At a time when many companies still rely on manual- and paper-based onboarding, the prospect of signing on thousands of new staff, getting them compliant and out in the field in just a matter of weeks is no simple task. In our experience, onboarding a single candidate can take in excess of two weeks, with individual business units and back office administration systems independently coordinating the various onboarding activities with the candidate, with much face-to-face contact that simply became impossible during COVID-19.
For those organisations that have now digitised this process in an effort to streamline onboarding — it’s proved an essential element in providing an employee experience that set staff up for a prosperous relationship with their company. For others, COVID-19 has provided a powerful motivator to speed up this process, with the need for a uniform digital onboarding experience never more critical.
When developing a digital onboarding process, organisations should look to ensure it does more than just fulfil the needs of today, but sets the organisation up to rapidly meet the unforeseen demands of tomorrow.
A robust and digitally enabled onboarding process will allow organisations to rapidly onboard new cohorts, but additionally, to elevate the data and information integrity between business units (and technological systems). In addition, it should allow for compliance checks, such as visa or police checks, to be verified in real time through direct connectivity to trusted document sources (for example, the Australian Government’s Visa Entitlement Verification Online (VEVO) and Document Verification Service (DVS)).

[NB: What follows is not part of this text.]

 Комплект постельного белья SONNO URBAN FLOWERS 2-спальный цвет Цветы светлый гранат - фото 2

Ultimately, this will allow organisations to stand up workforces faster and build richer candidate profiles that can be used to meet future needs.

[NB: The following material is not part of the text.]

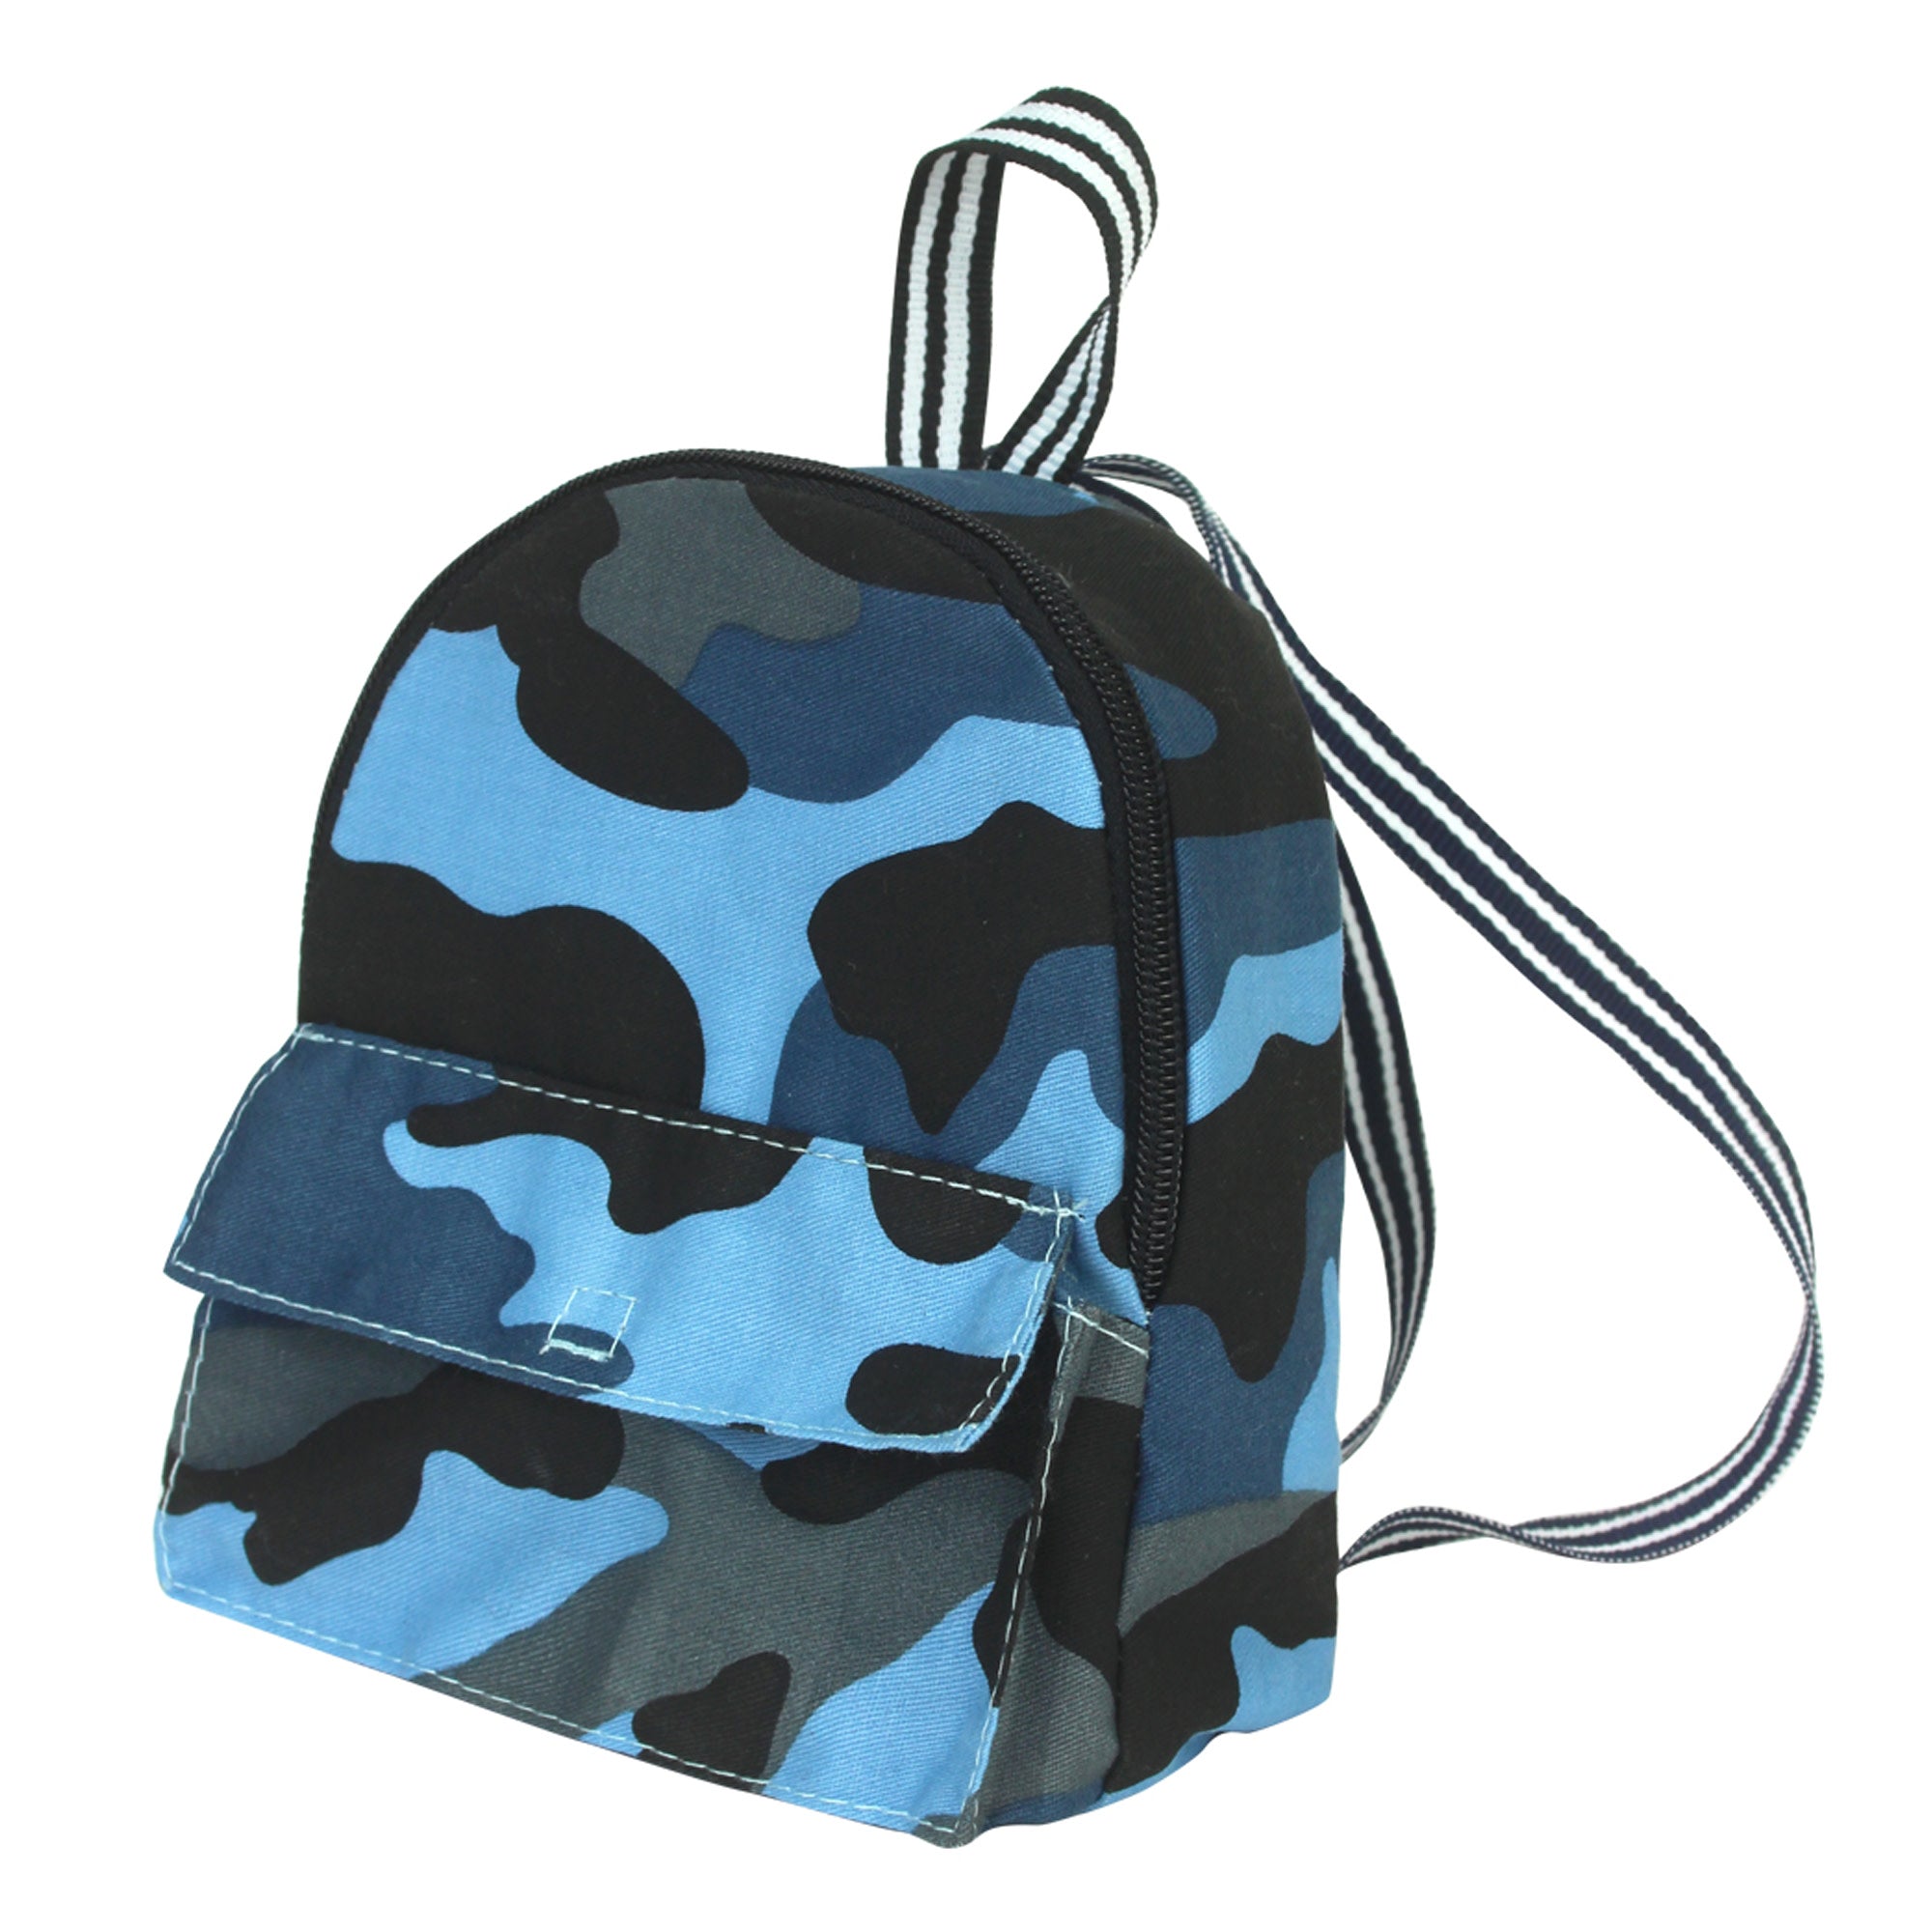 Sophia's Camouflage Nylon Backpack for 18" Dolls, Blue

Through streamlined digital onboarding, a candidate can quickly fill out skills, qualifications, certifications and other needs that will enable hiring managers to effectively place them in the most suitable roles. Organisations whose workforces need to be redeployed to new industries in future can then leverage analogous skill sets and experience to place their people in the best roles.
Onboarding processes should be able to also meet identity, tax and superannuation compliance requirements.

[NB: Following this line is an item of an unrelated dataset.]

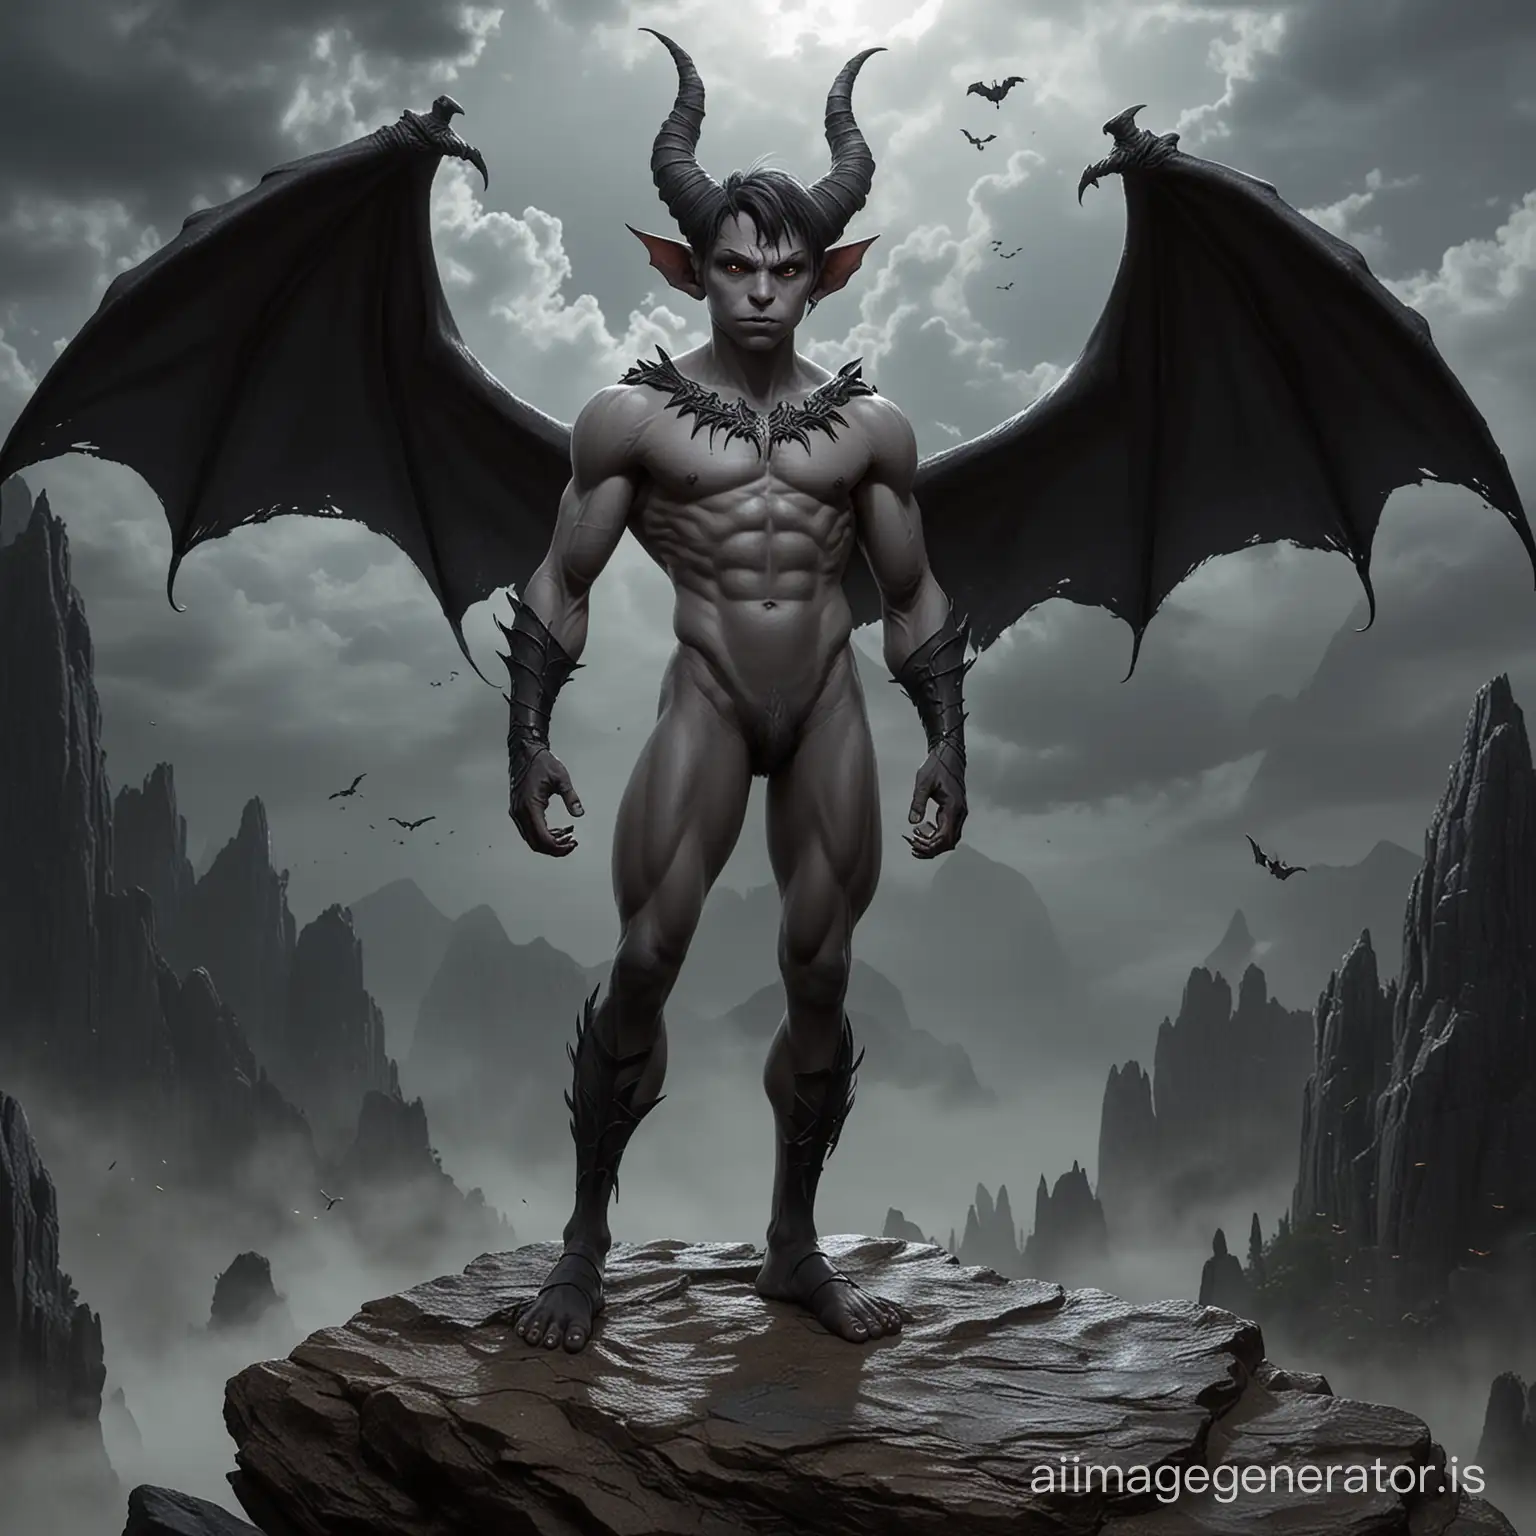 Sensual-Demonboy-with-Batlike-Wings-in-Dark-Night

Through a digital process, companies can build a richer, aggregate view of their total workforce and when instances occur where certain parts of the business surge, but others ebb, they can proactively manage the capacity by hiring, or redeploying people from underutilised parts of the organisation. For example, in addition to hiring hundreds of casual workers to meet the demands brought by an increase in online shopping deliveries, Australia Post is redeploying its postal workers into parcel delivery amid a fall in demand for letter deliveries.4 Moreover, digital onboarding will elevate data quality and mitigate downstream costs inefficiencies such as payroll discrepancies. It will enable a more streamlined offboarding process too, which is pivotal in relations to short term and contingent staff.
Onboarding software offers organisations the chance to set new employees up for success and build powerful candidate and workforce profiles. In turn, these can be used to to help businesses respond effectively to a crisis or evolving business demands.
COVID-19 has forced organisations to think about digitisation like never before. Whatever the future may bring, the need for online, streamlined solutions are likely to continue and accelerate — it is a perfect opportunity now to bring these to the fore, in a time of critical need.